Alfred Tetzlaff, „mit tee-zett, Sie Arschloch“, wie er auf Nachfragen gewohnt freundlich klarstellt. Heute vor 50 Jahren ist die Serie „Ein Herz und Seele“ erstmals im deutschen Fernsehen zu sehen – und straft ihren Titel schon in der ersten Folge Lügen.
Vorbild für die Serie kam aus England
Erschaffen hat die Figur der Drehbuchautor Wolfgang Menge („Das Millionenspiel“, „Smog“, Kressin-Tatort). Dabei soll er zunächst eigentlich nur die britische Erfolgsserie „Till Death Us Do Part“ übersetzen, die der Westdeutsche Rundfunk bei der BBC eingekauft hat. Aber schnell merkt der damals 50-Jährige. „Das funktioniert nicht.“
Also entschließt er sich, nur die Grundidee – vier Personen, zwei Generationen, zwischen denen es regelmäßig kracht – zu übernehmen, verlegt den Schauplatz aber aus dem Londoner Eastend in ein Reihenhaus in Wattenscheid – damals noch selbstständige Stadt. Für die Hauptrolle möchte Menge „jemanden, der zur Identifikation einlädt“. „Ein zwanzig Jahre jüngerer Henry Vahl wäre eine Idealbesetzung.“ Gert Fröbe kann nicht, Harald Juhnke will nicht. Er spiele „keinen Proleten“, lässt er mitteilen. Heinz Schubert, genannt „Schubi“, kann und will.

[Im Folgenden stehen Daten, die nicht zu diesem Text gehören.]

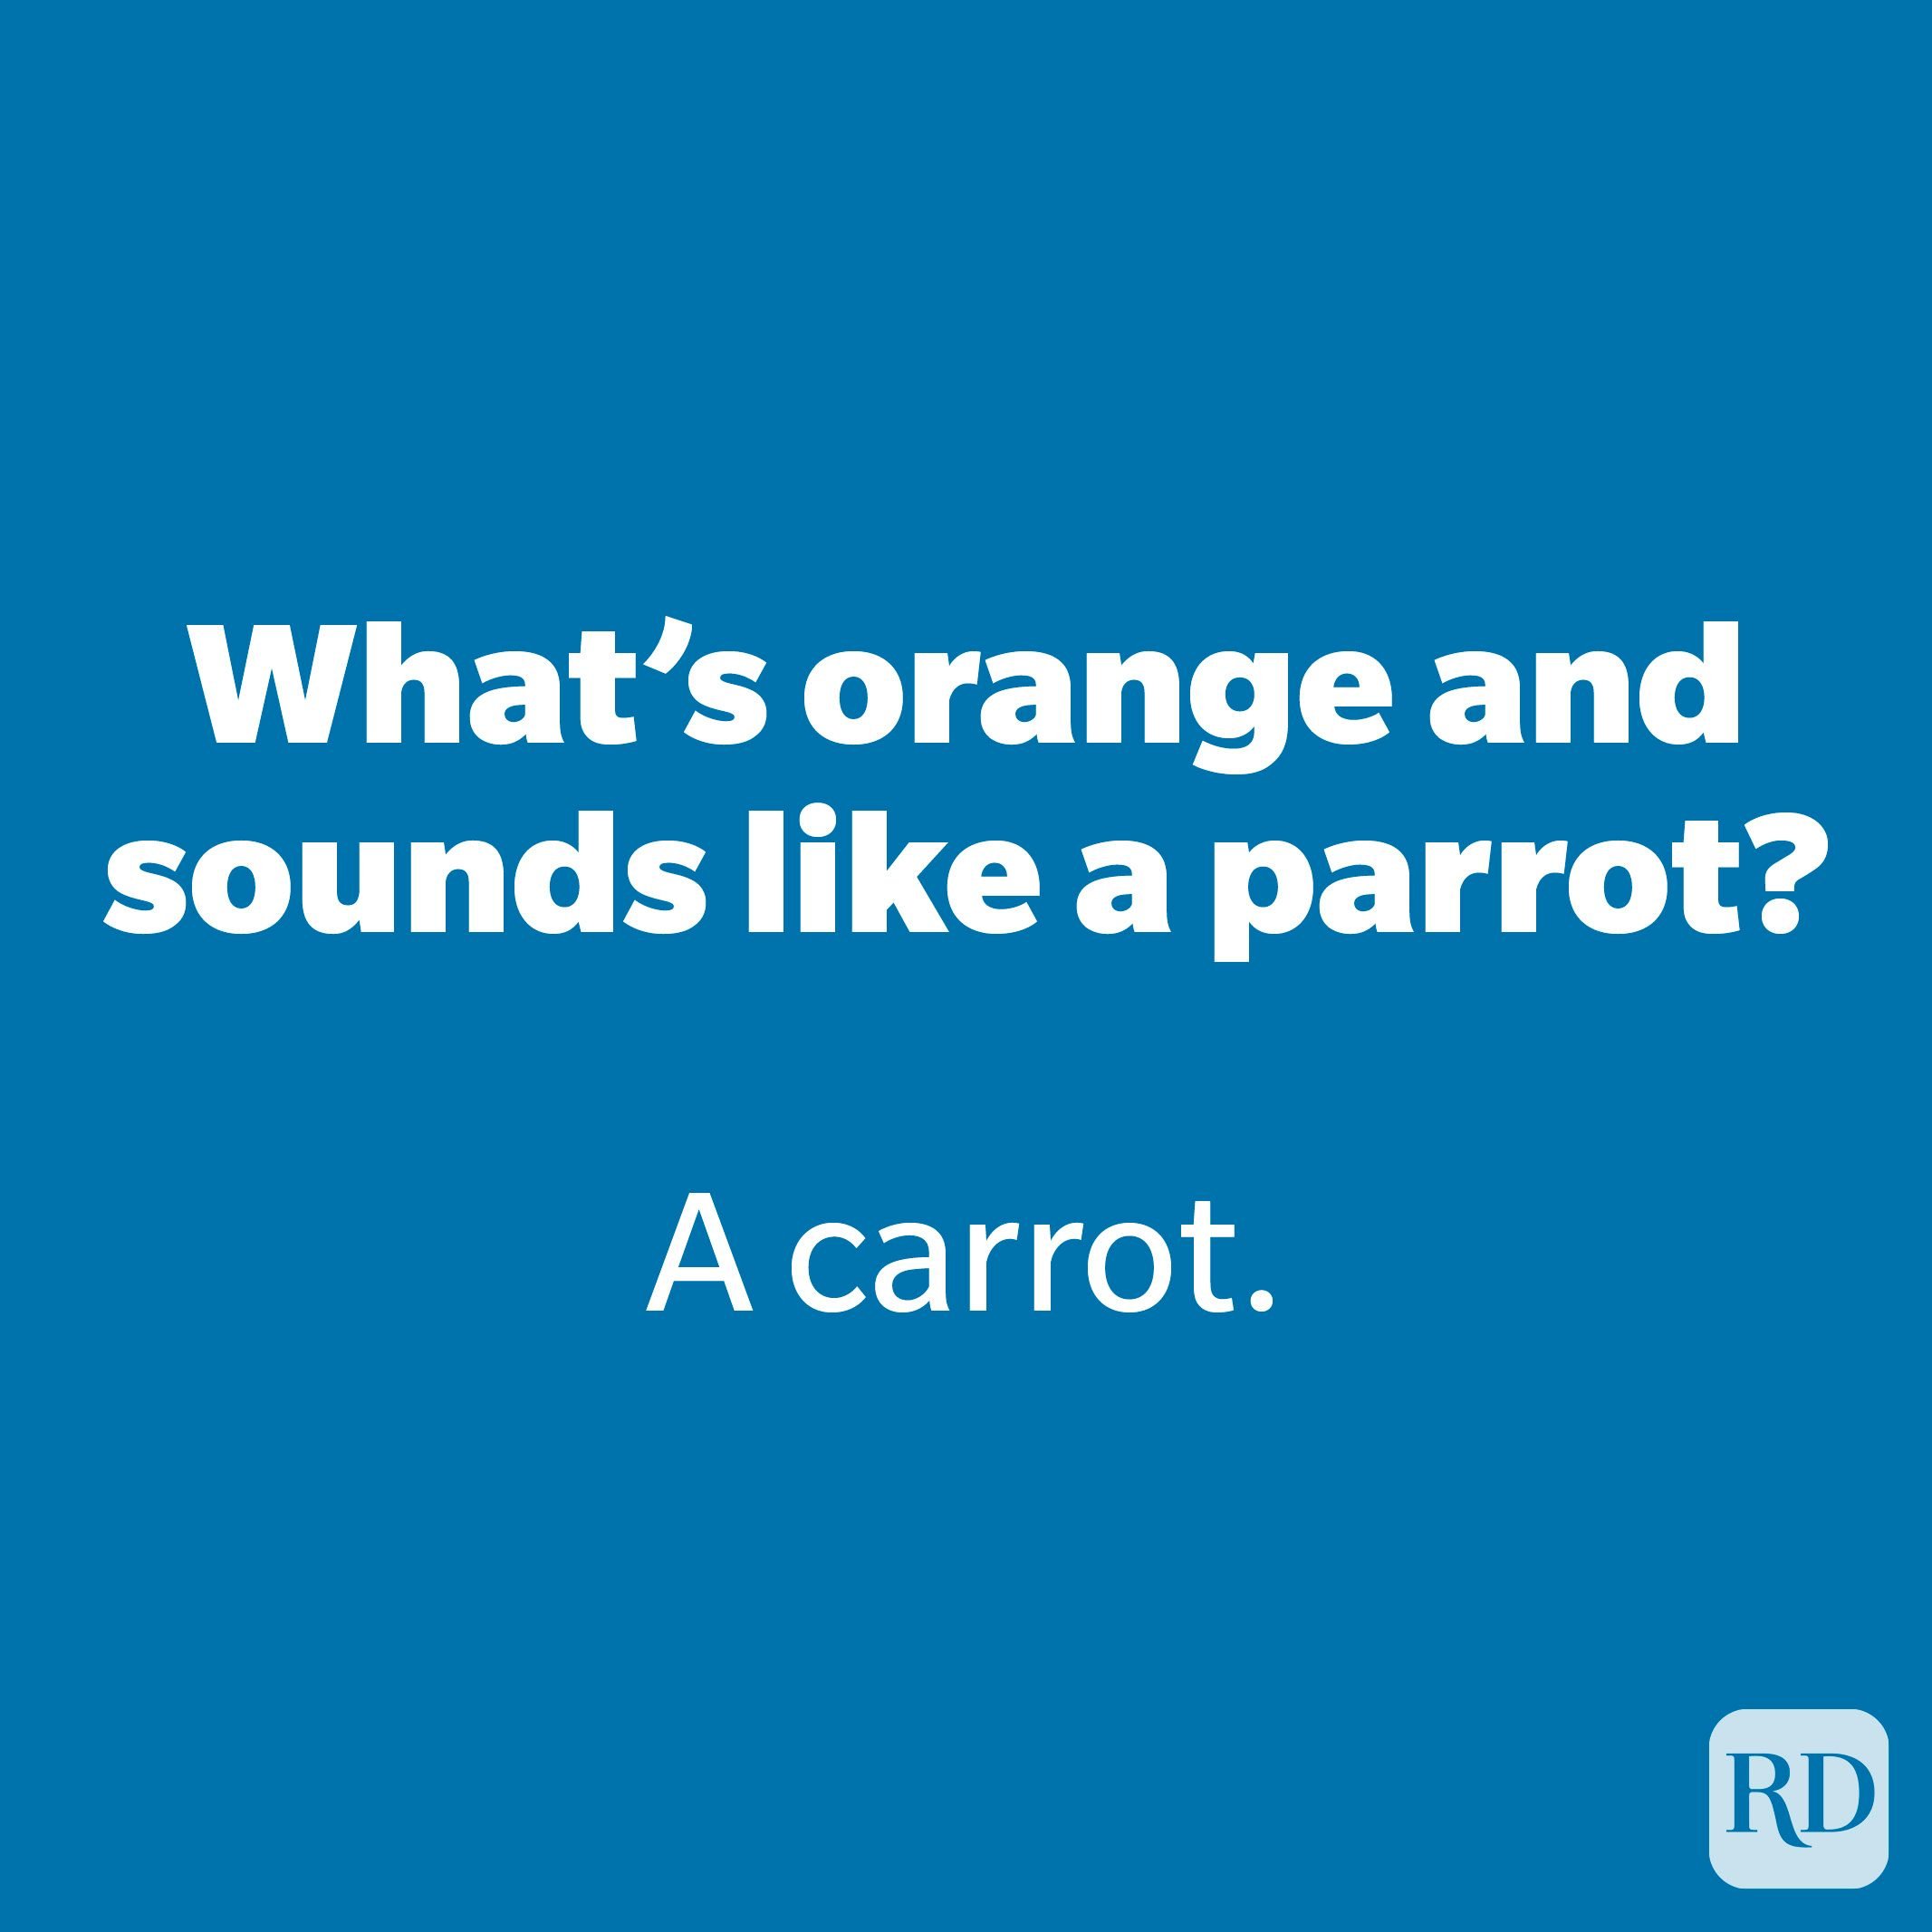 What’s orange and sounds like a parrot?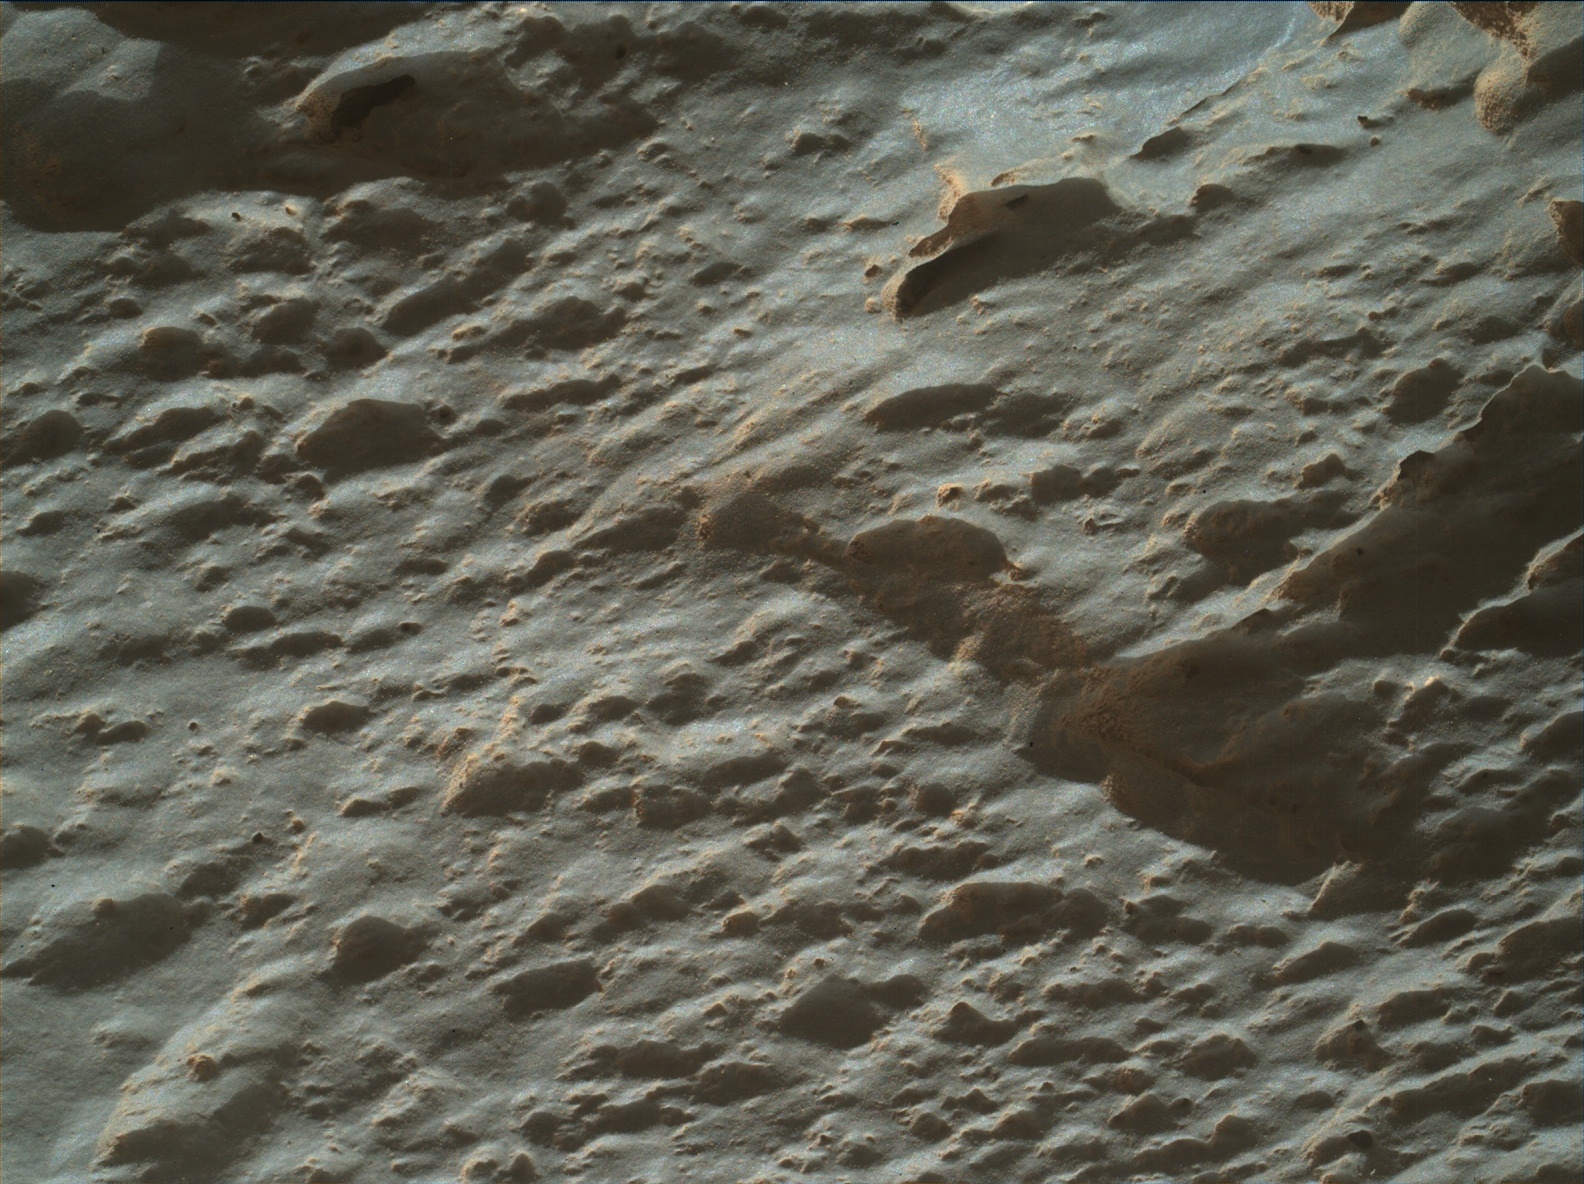 Nasa's Mars rover Curiosity acquired this image using its Mars Hand Lens Imager (MAHLI) on Sol 2643

Eine Figur, zusammengesetzt aus Defiziten
Und der 48-Jährige, der zuvor als Brecht-Darsteller auf deutschen Bühnen brillierte, legt Tetzlaff als Giftzwerg an. Menge ist zunächst skeptisch: Er habe befürchtet, gibt er später zu, „dass die Reihe mit einer solchen unsympathischen Leitfigur keine lange Lebensdauer“ haben werde. Ein Irrtum ist das, aber ein nachvollziehbarer.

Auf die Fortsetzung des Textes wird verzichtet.